Lee Pitts: LeeBrad PittsPitt
I don’t know if you saw the article about head transplants in the Wall Street Journal but I was astonished to learn that a Chinese surgeon, Xiaoping Ren, has done over 1,000 such transplants with mice since 2013. That’s right, in delicate operations that last ten hours the head of one mouse is completely severed from its body and transplanted on to the body of another mouse. No joke! I am told that stupid and ugly Chinese mice are standing in line to be the next guinea pigs. Or, should I say lab rats?
The story, written by Shirley Wang, said that so far the longest any of the mice with new heads have lived is one day but at least one mouse was able to breathe, make basic movements and perform bodily functions. Heck, I know of Congresspersons who can’t do that.
According to Wang’s article, in 1908 an American scientist, C.C. Guthrie, tried to put a second head on the body of a dog. The goal was to get the two headed animal to drink out of the newer head. This immediately raised social issues such as, if the animal drank too much whiskey out of its new mouth, does it get a headache in the new brain, the old brain, or both?
In the 1950s Chinese and Russian scientists did similar transplants on dogs and an American doctor attempted a monkey head transplant in the 1970s. I believe the creature that resulted is now a high ranking official at the EPA.

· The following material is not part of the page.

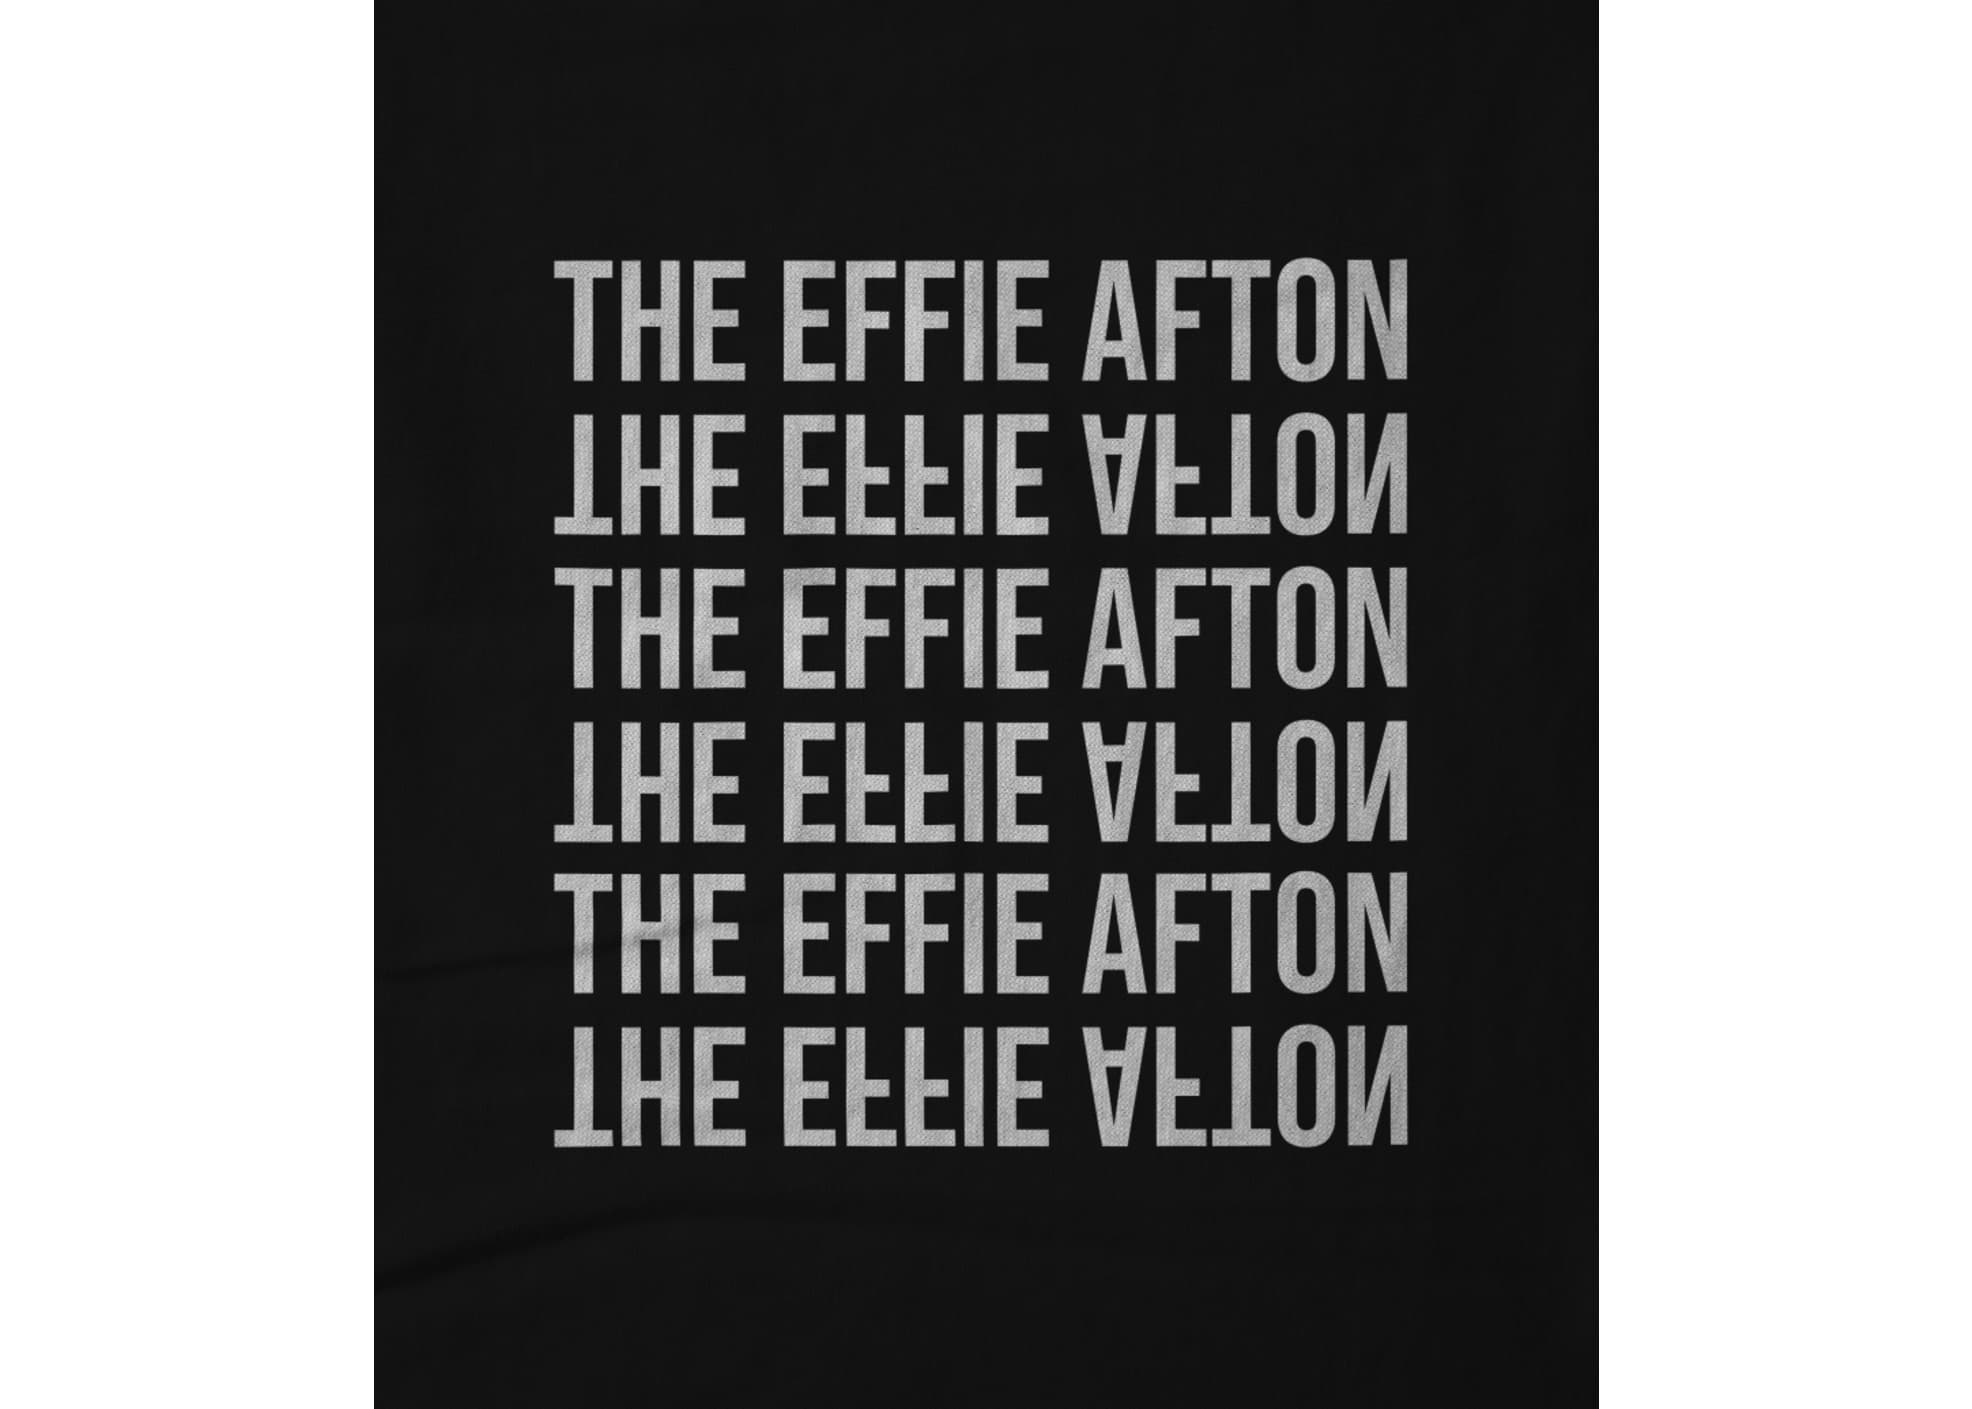 The effie afton inverted text 1583590656

Not to be outdone, an Italian neurosurgeon, Sergio Canavero, has said that he would do a human head transplant within the next two years and he already has a head donor. You can sign me up too. I want one, a new body that is. I like my brain but the rest of my body is deteriorating badly and I dream of the day I can perform basic ordinary functions like sleeping and eating. Now with head transplants I can keep my own head and put it on a fully-functioning body with muscles. Not that I look at other guy’s bodies or anything, but I would prefer Brad Pitt’s body because my new name could then be either LeeBrad PittsPitt or BradLee PittPitts. How cool would that be?
Dr. Ren, the head transplanter, was educated and worked in America but went back to China to do head transplants because he didn’t think Americans would approve. He’s probably right. Can you imagine how the PC police would react here in America? In China anyone who objected would be, in the words of Chinese communist officials, “Gone missing.”
As the author says, “This does raise profound implications for personal identity.” But it could also be a great thing for people like Bruce, excuse me, Caitlyn, Jenner. Instead of going through all this public hoopla he could have just swapped his head with the body of one of the Kardashian sisters and improved both people.
Of course, such experimentation does have implications for animal agriculture. In the not too distant future we could see the head of a pig put on a ewe, thereby creating the world’s smartest sheep. I’d also like to see race horse heads put on the bodies of steers which would sure make ropings far more interesting. And if you put the brain and head of a Border Collie on the body of a Dachshund, Shih Tzu, or any other purse dog, and then asked it to cut a cow the result would be hilarious. I know I’d sure pay money to see it.
I can think of all sorts of combinations but I suppose I should be more respectful about such things. After all, can you imagine the mental and physical trauma for the parties involved in a head transplant? Or at least for one of the donors anyway. The other probably won’t feel a thing.
In the final analysis all this business about head transplants sounds a little creepy and far too futuristic to me. I know guys who were devastated and depressed for years when their hair transplants didn’t work and I can’t begin to imagine how they’d handle going to sleep as a 300 pound nacho-guzzling, beer-drinking couch potato and waking up with ripped six pack abs, colorful tattoos, and a healthy liver.